The server in question was a Windows 2003 SP2 server with SQL 2000 installed. The usual process is to upload the vm folder to a datastore, register the machine, then turn it on. Due to networking changes, I log in and change the ip address, then install the vmware tools, reboot, then shut down, migrate the hardware to VM type 7, then power it back up.

This time, after upgrading I noticed a new error on boot – “at least one service could not be started.” An investigation into the event log was in order. Red Flag #2 was an error that popped up when starting the event log – something about msvcp71.dll not being available. I assumed that this was due to some software which a developer had probably installed which plugged into the mmc framework. Browsing the event log, I found that the service which failed to start was MS SQL. That’s a problem.

I tried to start SQL from the services mmc – no good. Rebooted. Still no good. Checked the SQL logs and the last time SQL had run was – interestingly enough – after the migration.

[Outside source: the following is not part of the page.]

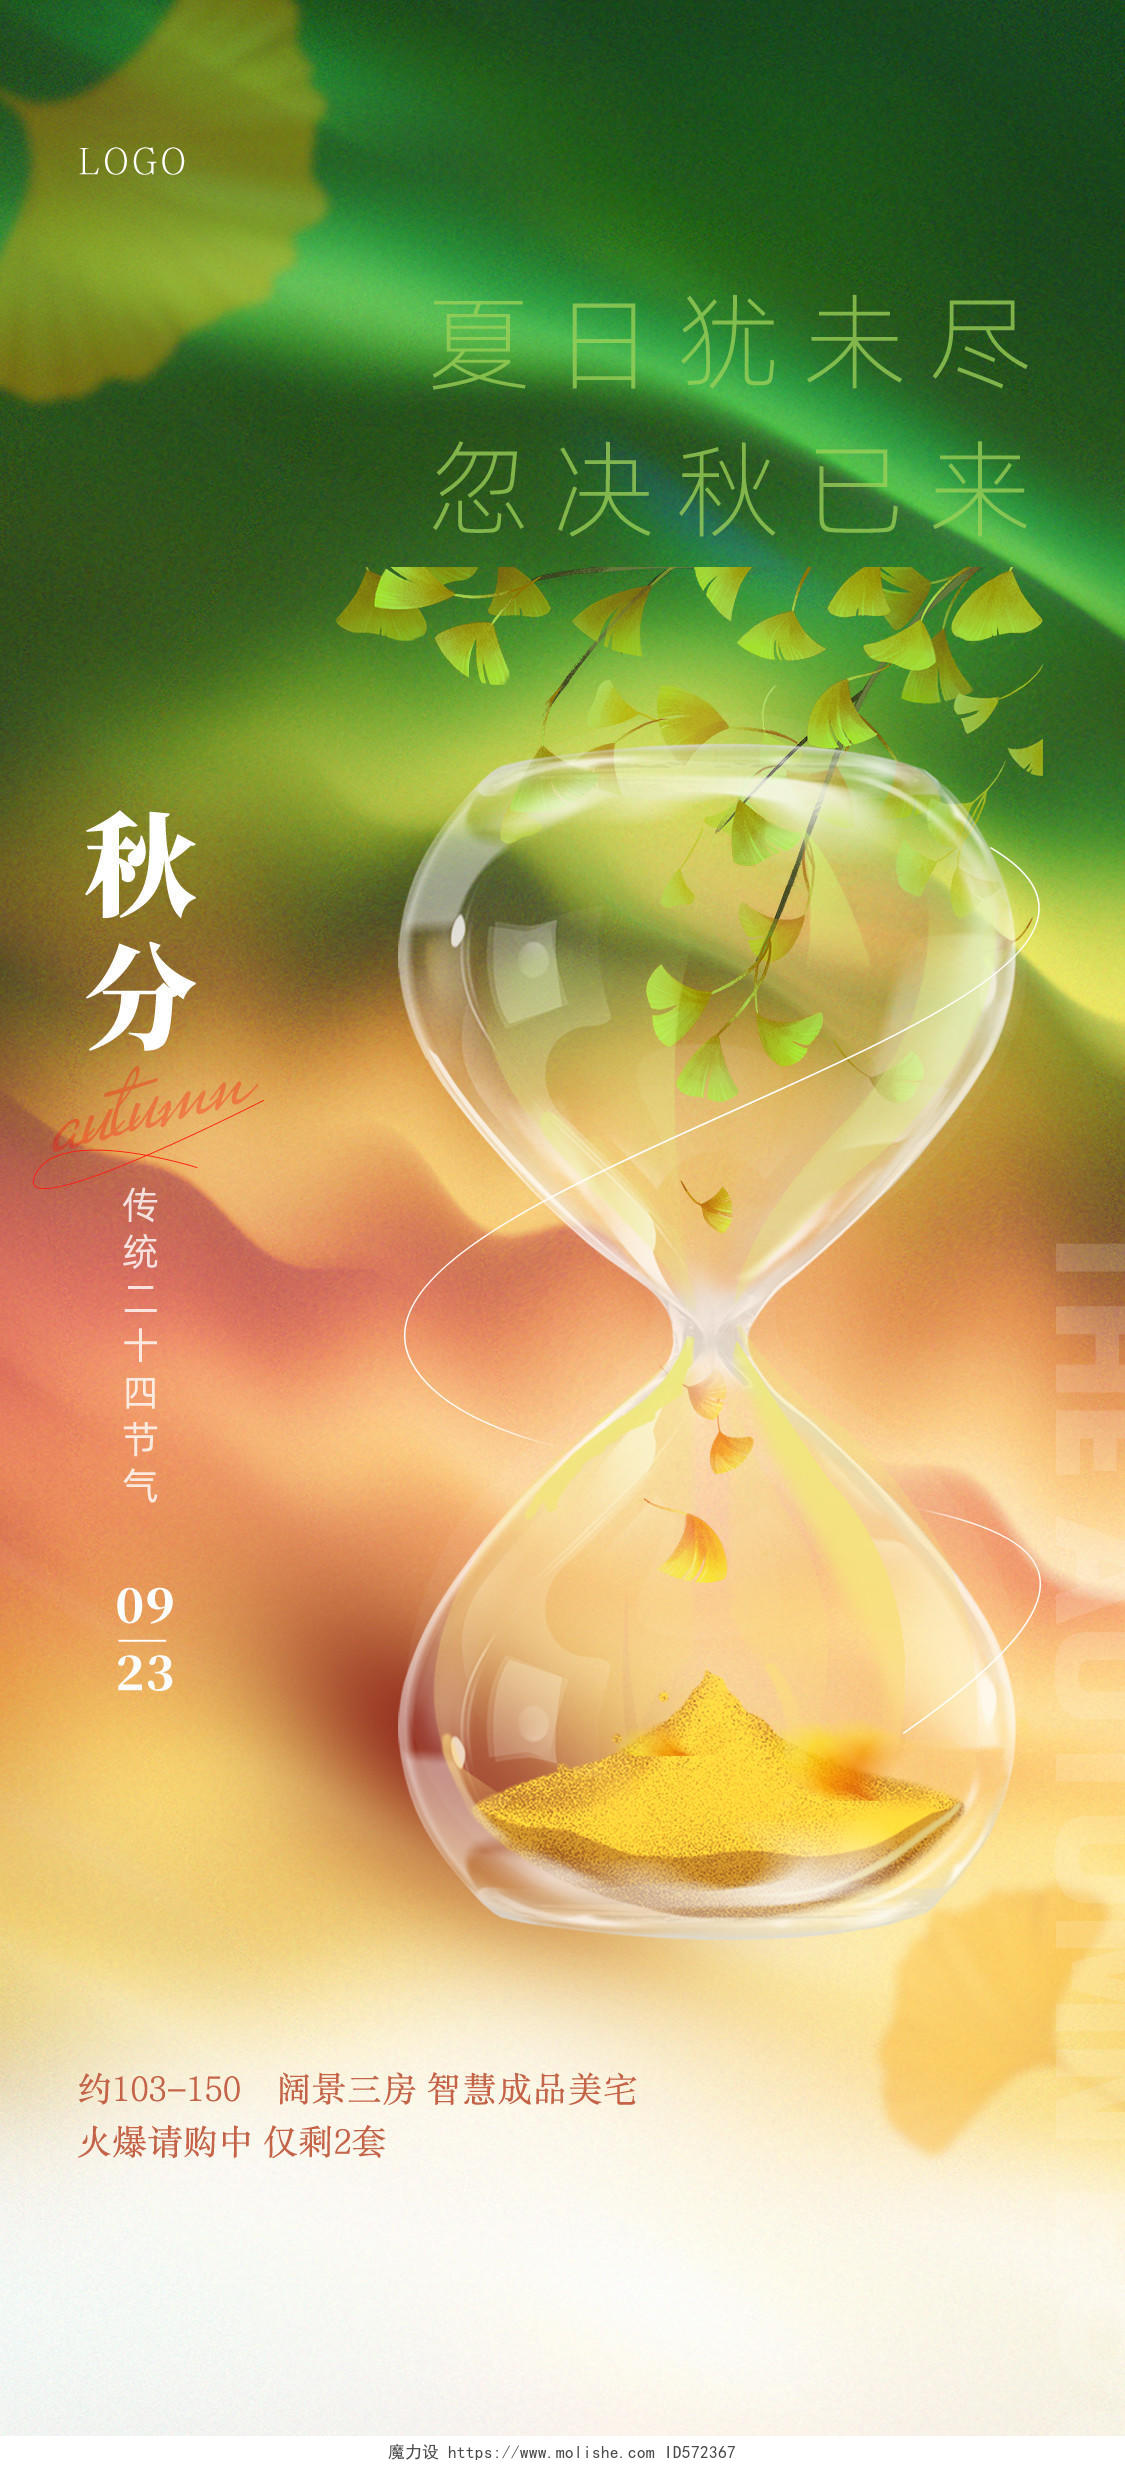 黄绿渐变创意水彩手绘二十四节气秋分手机宣传海报秋分海报节日

What changed? IP address? Why would that cause a problem?

I tried some other SQL tools, such as query analyzer, and ran into the msvcp71.dll error again. Ah ha – if these tools can’t run, then it’s likely that SQL can’t run either. What is this msvcp71.dll anyway? I found a few references in Google to spyware and system scans and missing dll’s. (One helpfully suggested that the user may have deleted the file themselves, so check the recycle bin to see if it’s there. Like that ever happens.)

I narrowed my search to the one thing that I knew had changed – the VMWare Tools installation – and sure enough, there it was. The vSphere 4.0 tools installer deletes msvcp71.dll.

What?

Why?

I browsed to another server, found the dll, copied it to the \winnt\system32, rebooted, and SQL came right up. The server is back in business.

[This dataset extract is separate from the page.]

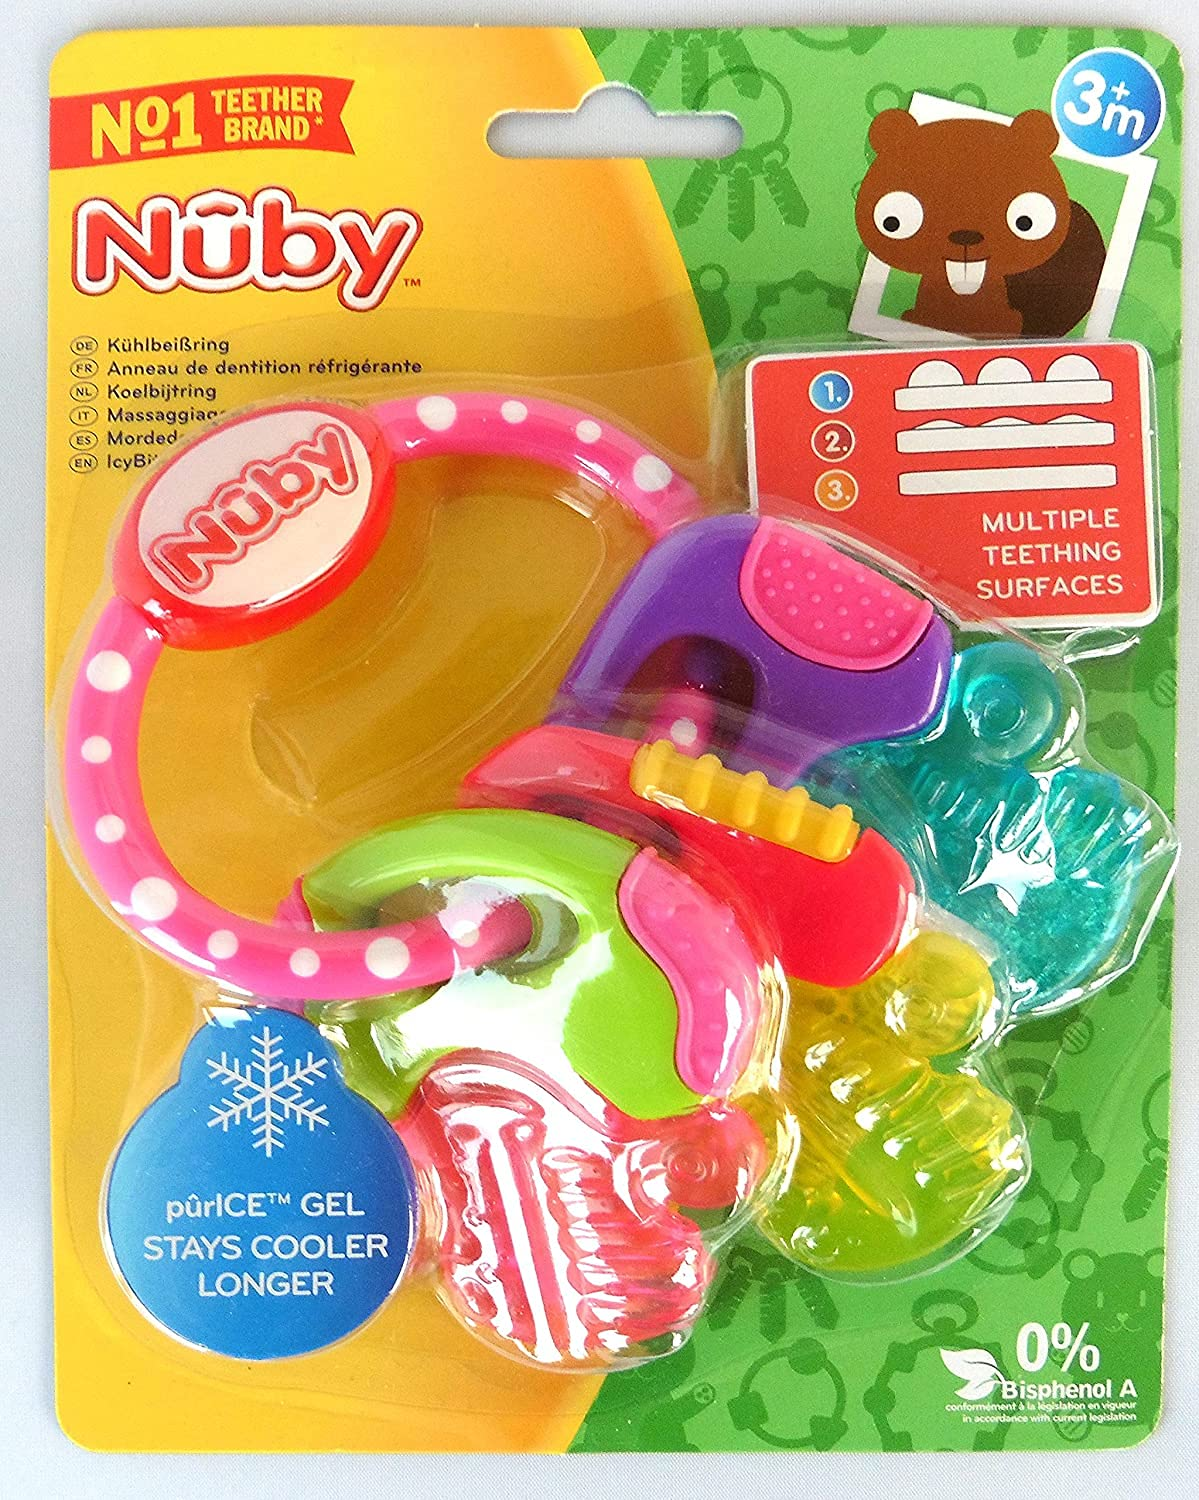 Nuby Ice Gel Teether Keys, 1 Pack Pink (567)

But why would this ever happen? What caused the VMWare developers to think it was a good idea to delete a file which (according to the searches) lots of other programs depend on? I’ve no idea.

Anyway, file this away in your mental checklist – if you upgrade to vSphere, verify that things work before you upgrade the VMWare tools, and then upgrade and check again. If your OS has a problem, odds are that this guy is responsible.

HP NIC nonsense August 17, 2009

Posted by jamesisaac in Uncategorized.
add a comment

A frustrating hour spent tonight on something that should have taken five minutes… and the issue isn’t even solved, yet.

I have an HP DL580 G2 with the standard motherboard Broadcom gigabit NICs, NC7782 in HP terminology. The NICs are teamed for fault-tolerance. In order to set up our backup-to-disk connection, I planned on adding a virtual NIC by using the VLAN feature of the HP network configuration utility and converting my “untagged” physical network ports to “tagged” VLAN ports, with one virtual NIC retaining the same ip information as the teamed adapter previously had, and the second virtual NIC acquiring an address in the backup network scope. Sounds pretty simple, right? Just go into HP network config, add the VLAN interfaces, and address them, and you’re done.

Now, from previous experience, I know that adding the VLAN configuration should create a brand-new virtual NIC with no ip addressing, as well as disabling the current NICs, so this isn’t a job to be done remotely (unless you have the RIB all confgured. Actually, come to think of it, I could have done this through our KVM-over-IP, but it turns out that it was a good thing that I didn’t.) So, a trip to the data center was in order.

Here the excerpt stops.